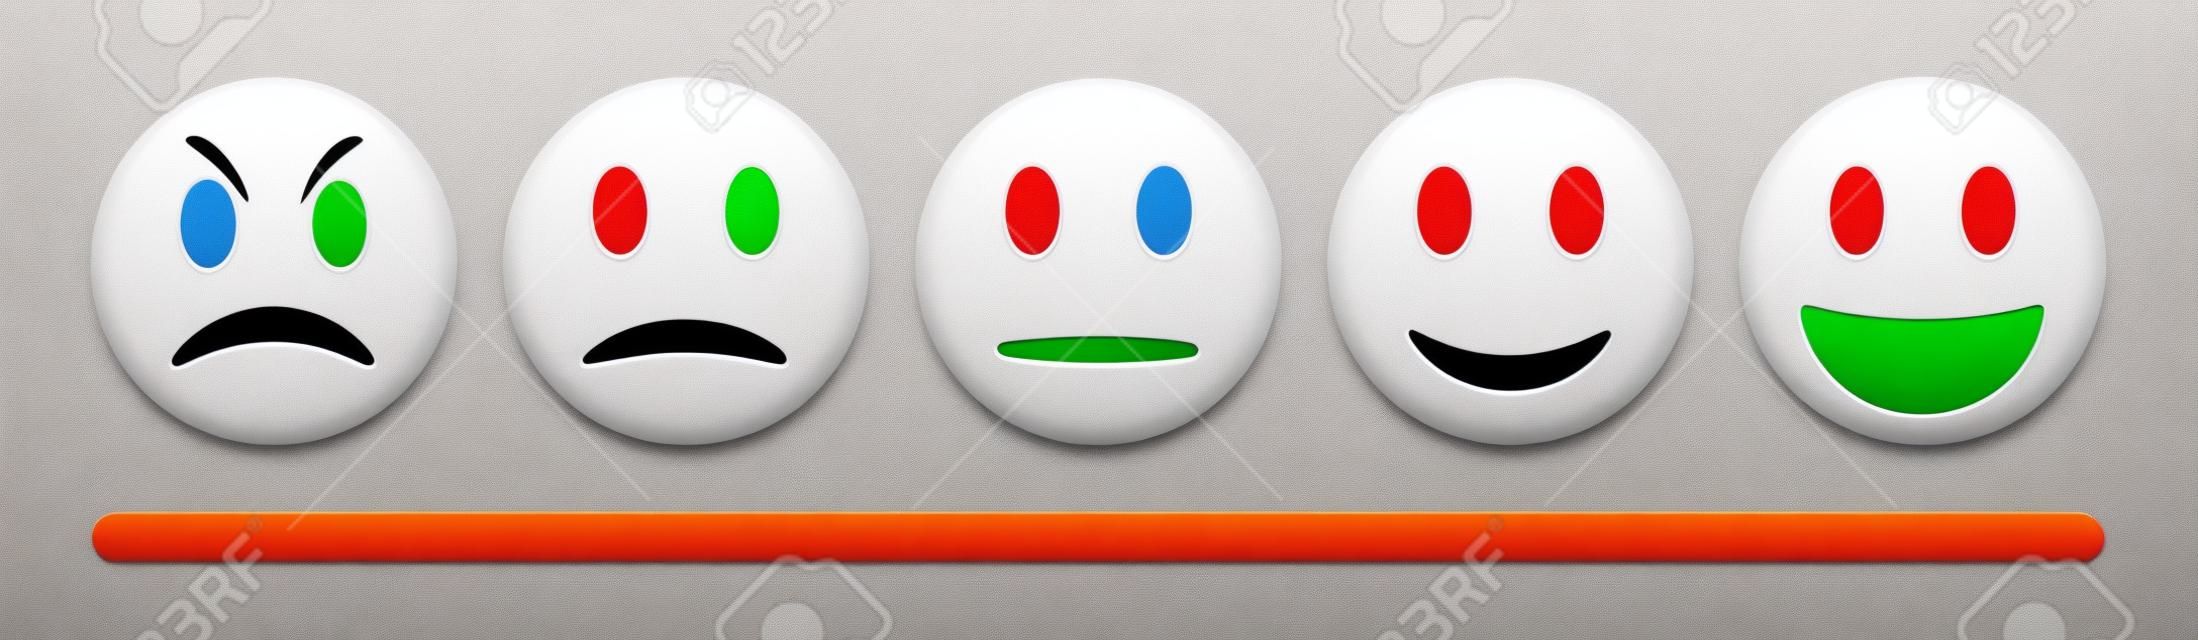 Vector emotie feedback schaal op witte achtergrond. Boos, verdrietig, neutraal en gelukkig emoticon set. Glanzend rood, oranje, geel en groen grappige cartoon Emoji pictogram. 3D-illustratie
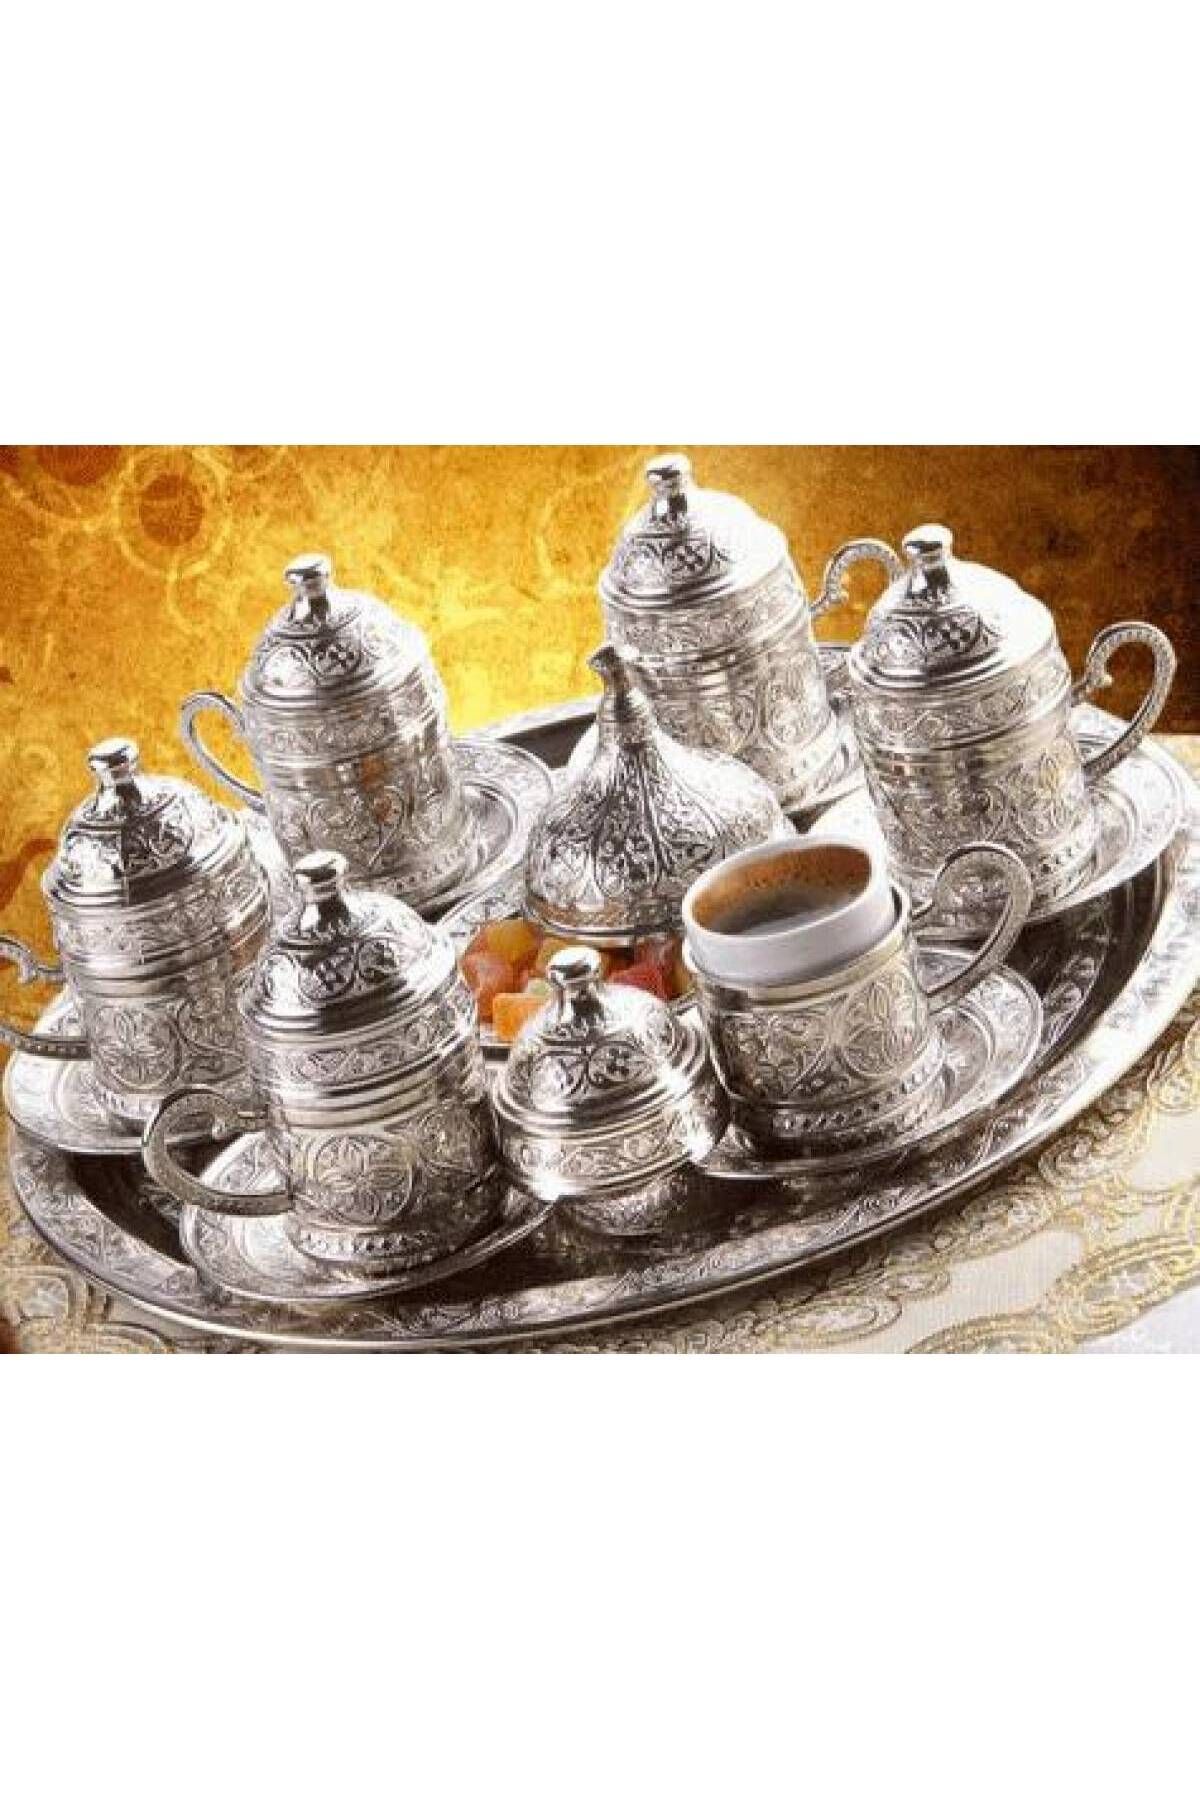 ÇERÇİCİ Osmanlı Motifli 6 Kişilik Türk Kahve Seti ( 3 Renk )
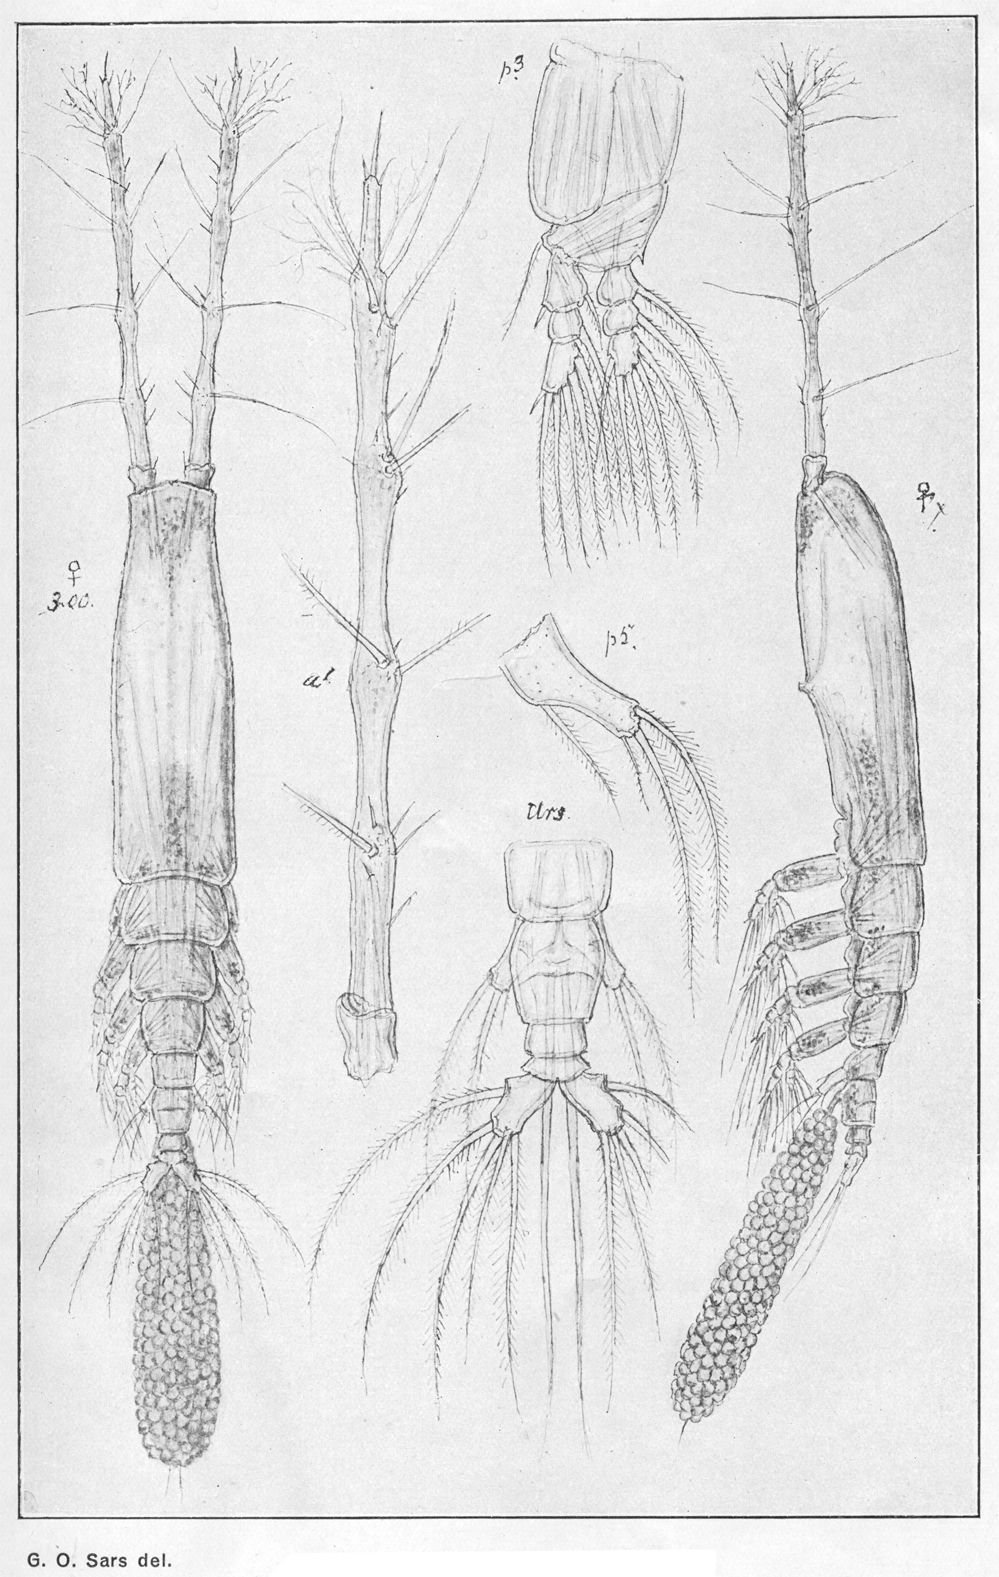 Espce Monstrilla longiremis - Planche 8 de figures morphologiques
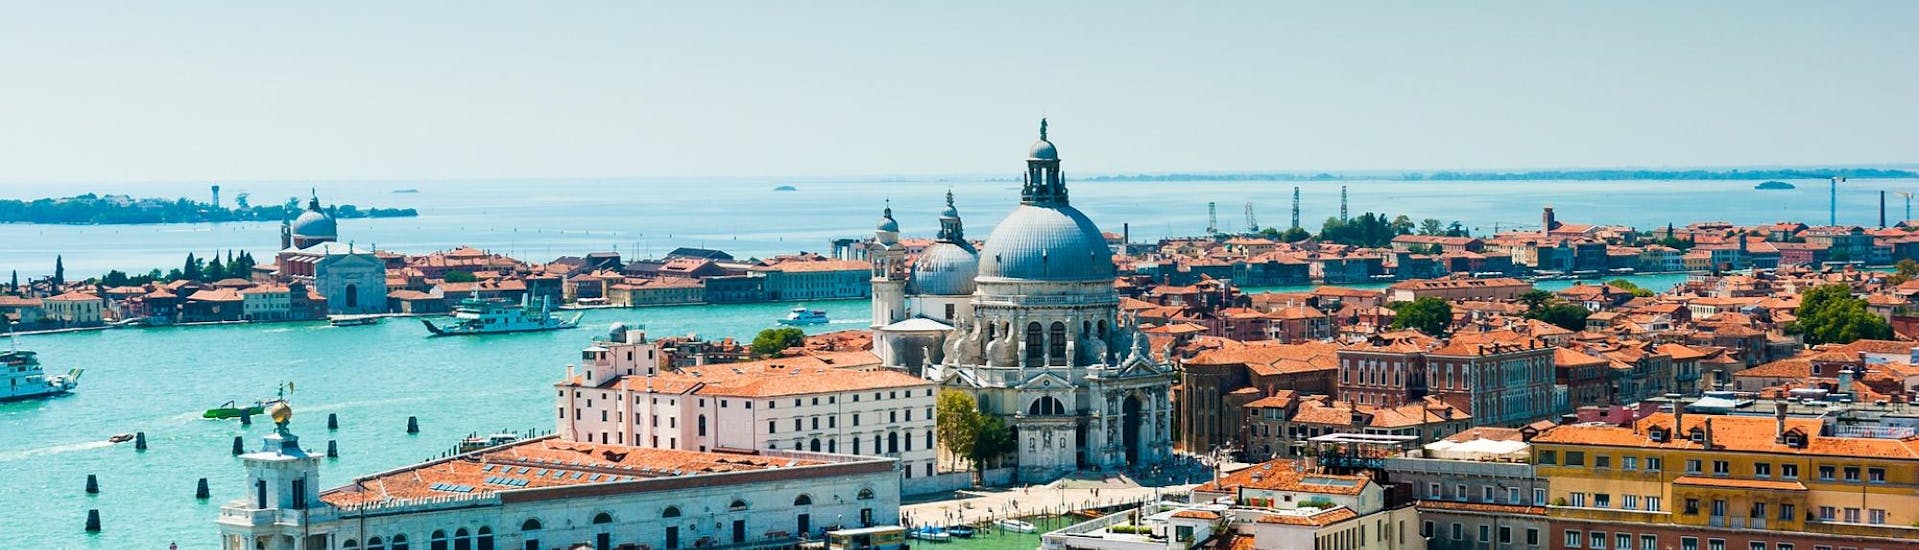 Panoramablick auf Venedig, die Ihr während der Bootsfahrt nach Murano & Burano mit Morgen in Venedig mit Il Doge di Venezia besuchen könnt.

|---|

**Directions**
Reproduce the full listing faithfully, but do not carry over any pictures.

**Answer to this task**
 Vector emotie feedback schaal op witte achtergrond. Boos, verdrietig, neutraal en gelukkig emoticon set. Glanzend rood, oranje, geel en groen grappige cartoon Emoji pictogram. 3D-illustratie
 ÇERÇİCİ Osmanlı Motifli 6 Kişilik Türk Kahve Seti ( 3 Renk )
 Espce Monstrilla longiremis - Planche 8 de figures morphologiques
 Panoramablick auf Venedig, die Ihr während der Bootsfahrt nach Murano & Burano mit Morgen in Venedig mit Il Doge di Venezia besuchen könnt.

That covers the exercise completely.